Sentiti, ed anche misurati, gli interventi dei rappresentanti religiosi e laici del Burkina Faso a Lampedusa. Il Vescovo del Burkina ha ricordato, sul monumento di Paladino, cosa è accaduto negli anni sull’isola: “Qui sulla Porta d’Europa dell’isola di Lampedusa giungono i superstiti della grande traversata. Questo monumento ci ricorda tutti coloro che, per fuggire un destino incerto, hanno lasciato casa loro e si sono incamminati nel deserto fino al mare. Molti sono morti nel deserto, lontano dagli occhi di tutti. Non ne conosciamo il numero. Molti altri sono morti tra le acque del Mediterraneo. Di costoro conosciamo almeno una stima: dagli anni Novanta circa 34.000. Sono uomini, donne e bambini che giacciono sul fondo del mare senza aver toccato la riva.” Sua eminenza ha anche ricordato il valore positivo della Porta d’Europa di Lampedusa, caratteristica che rende il luogo probabilmente davvero unico malgrado le similitudini con altre isole che nella loro storia hanno avuto pagine di estremo dolore: “I numerosi relitti sparsi per l’isola ricordano tante storie dolorose. Questa isola così vicina all’Africa è il primo approdo europeo, rappresenta la speranza, potremmo dire una ‘porta della vita’. Ci sono altri luoghi simili in Africa, dall’altra parte del mare, ma molto diversi. Ci sono altre ‘porte’: quelle del ‘non ritorno’ da cui passavano gli schiavi che venivano portati via per sempre durante la tratta. Come a Gorée, come a Ouidah: porte senza speranza. Questa invece è una porta di speranza, di vita.”

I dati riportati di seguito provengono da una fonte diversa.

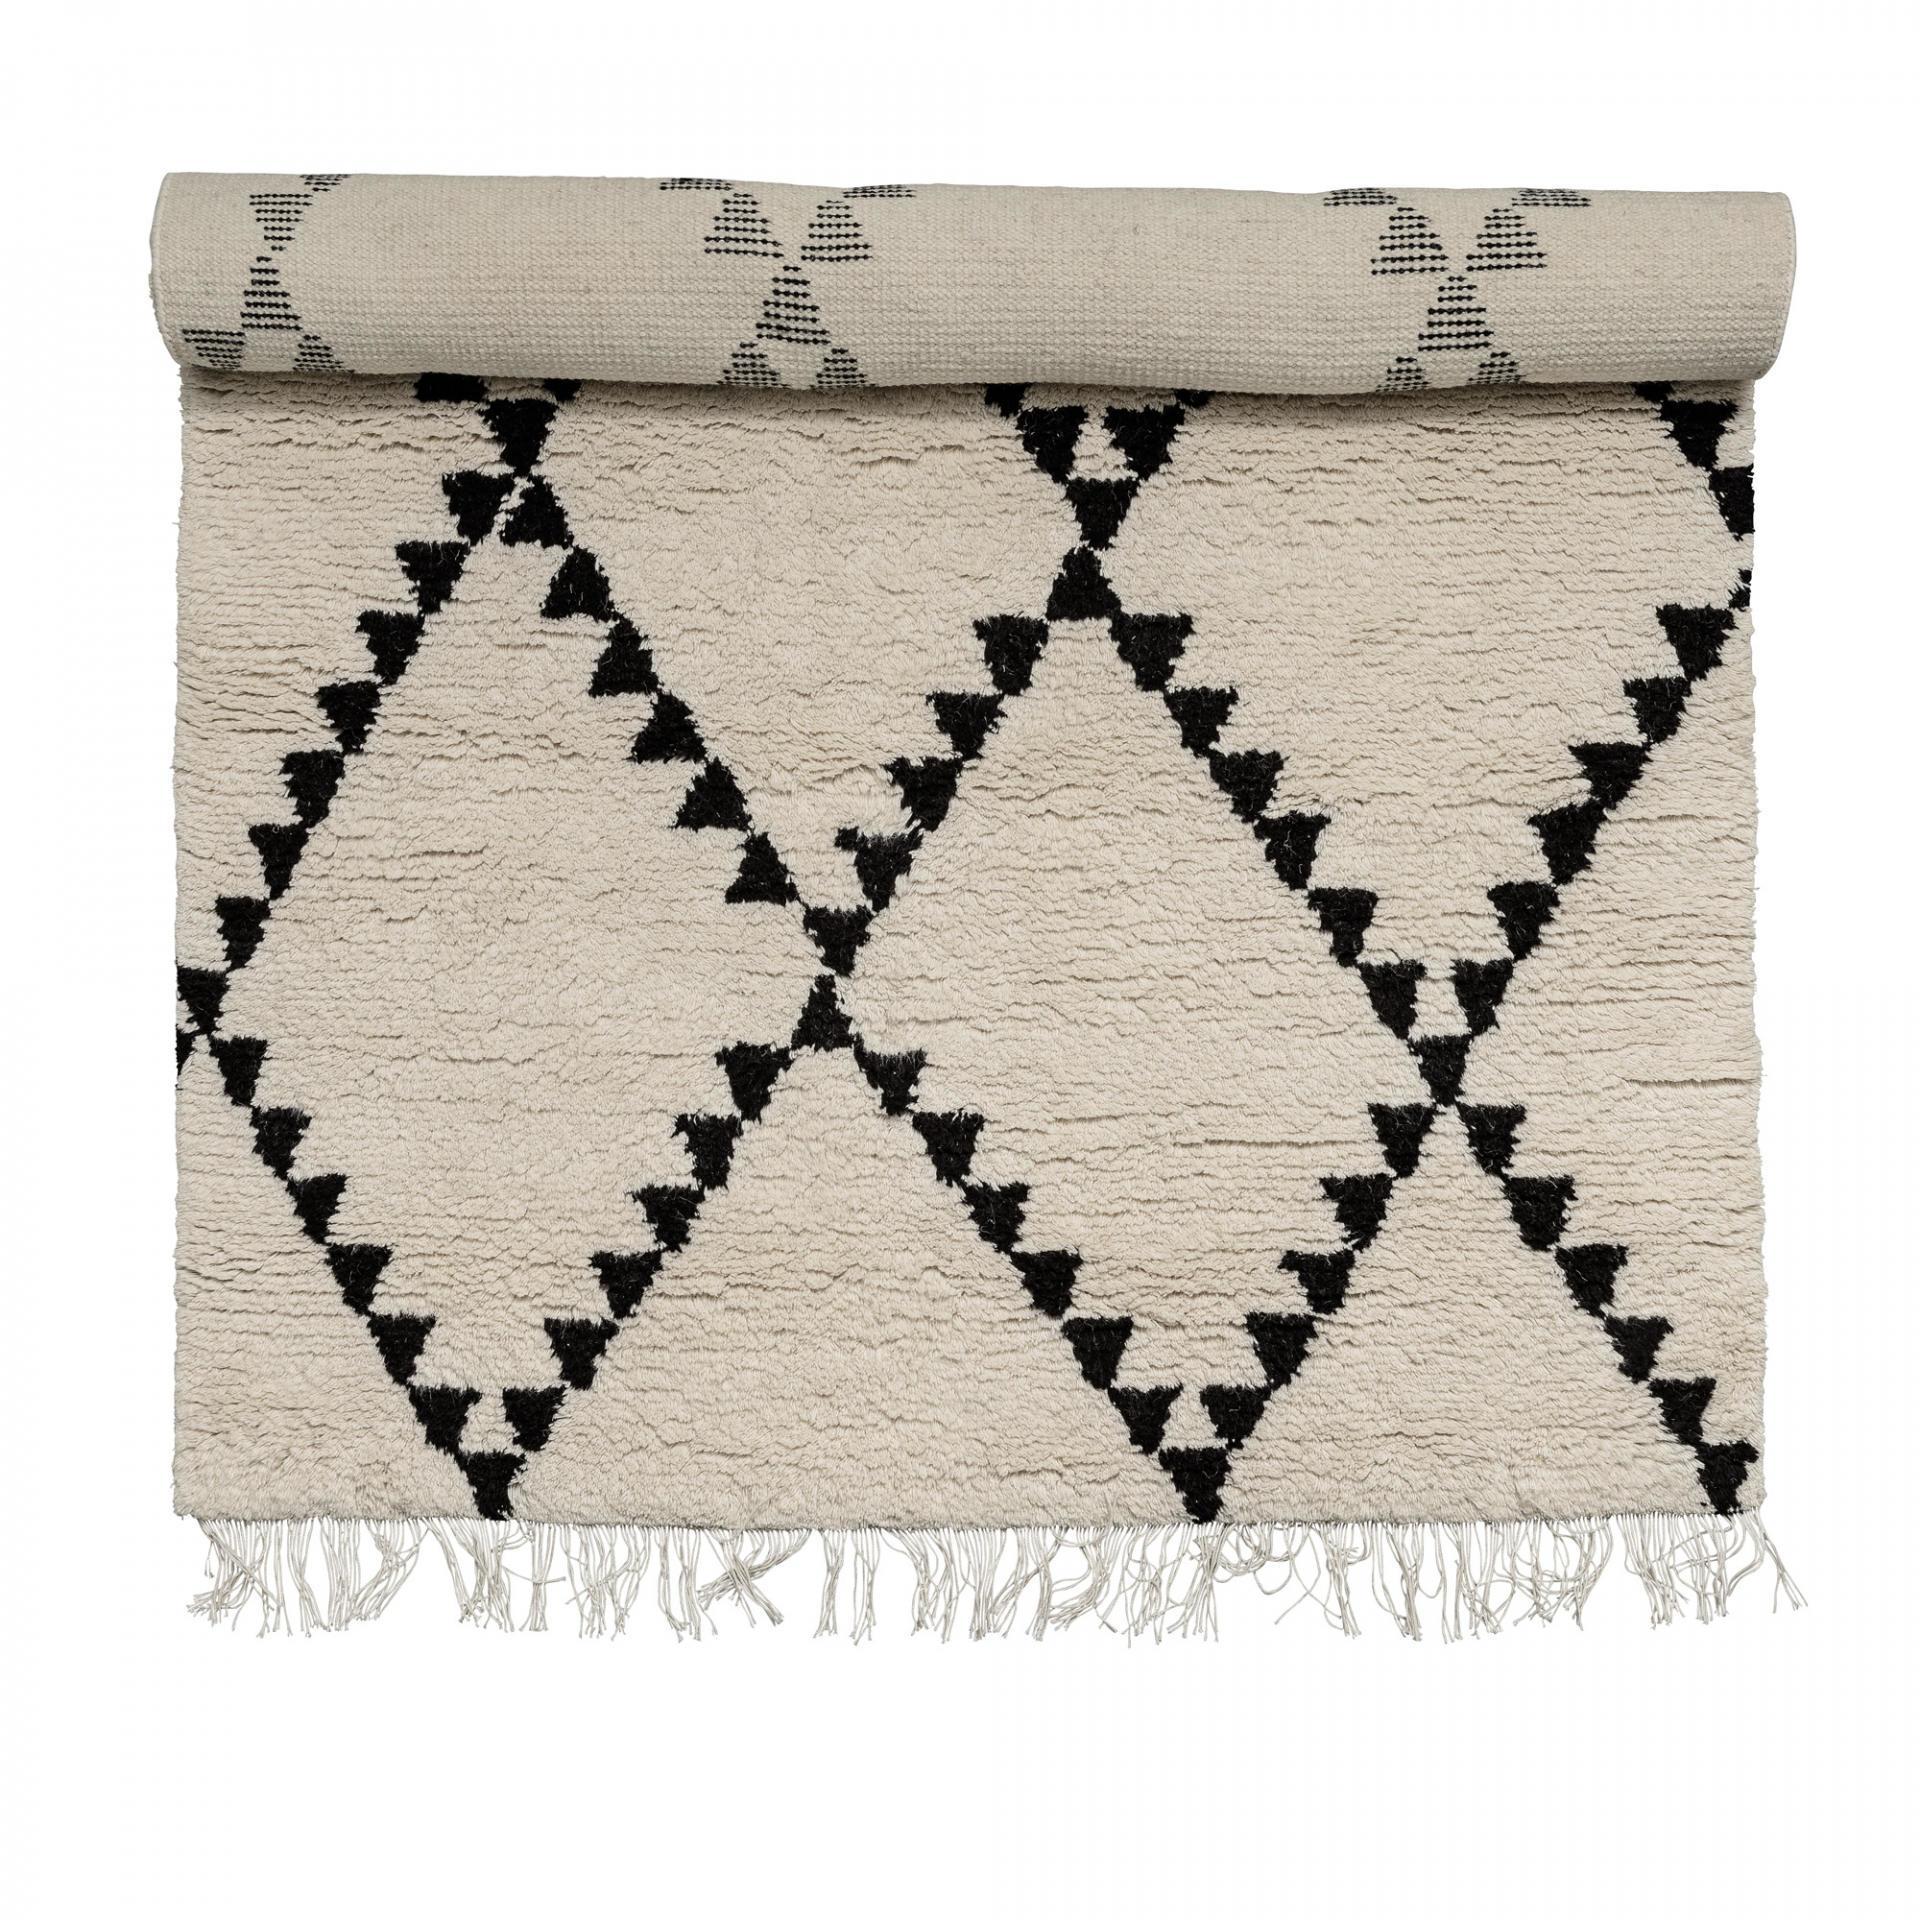 Vlněný koberec Triangle 140x200 cm, černá barva, bílá barva, textil Bílá

Anche l’intervento del viceministro degli Esteri del Burkina Faso, Alfred Gouba, è riuscito a trasmettere emozione malgrado il suo stampo più tecnico-statistico: “Secondo le statistiche dell’International Organization for Migration (IOM), nel 2017 166.000 migranti hanno attraversato il Mediterraneo. La maggior parte è arrivata in Italia via Lampedusa. Ma il più drammatico rimane il destino delle migliaia di persone che perdono la vita durante la traversata. Così, durante quell’anno, l’IOM registrò 3091 morti o scomparsi nel Mediterraneo, il più delle volte annegando o asfissiando. Per il primo trimestre del 2018, i dati IOM indicano un totale di 18.575 migranti e rifugiati arrivati in Europa via mare e 559 persone che sono morte in questa avventura. Probabilmente queste cifre allarmanti sono persino sottovalutate nella misura in cui non tengono conto delle vittime dei naufragi incustoditi che perdono la vita su canoe improvvisate e per le quali il sentiero della speranza ha dimostrato di essere piuttosto una strada da percorrere. La portata di questo disastro umanitario sfida la coscienza del mondo.” Non è mancato il segnale, il messaggio, che il primo segretario di Stato di un Paese africano in visita a Lampedusa ci si attendeva pronunciasse: “A nome del Governo del Burkina Faso, ringrazio i soccorritori di tutte le nazionalità, le autorità italiane e l’Italia per tutto ciò che ha fatto per accogliere, la comunità di Sant’Egidio (che ci accompagna qui) e le Chiese italiane per la creazione di corridoi umanitari e tutto il popolo italiano per il loro impegno dedicato alla salvezza dei migranti.”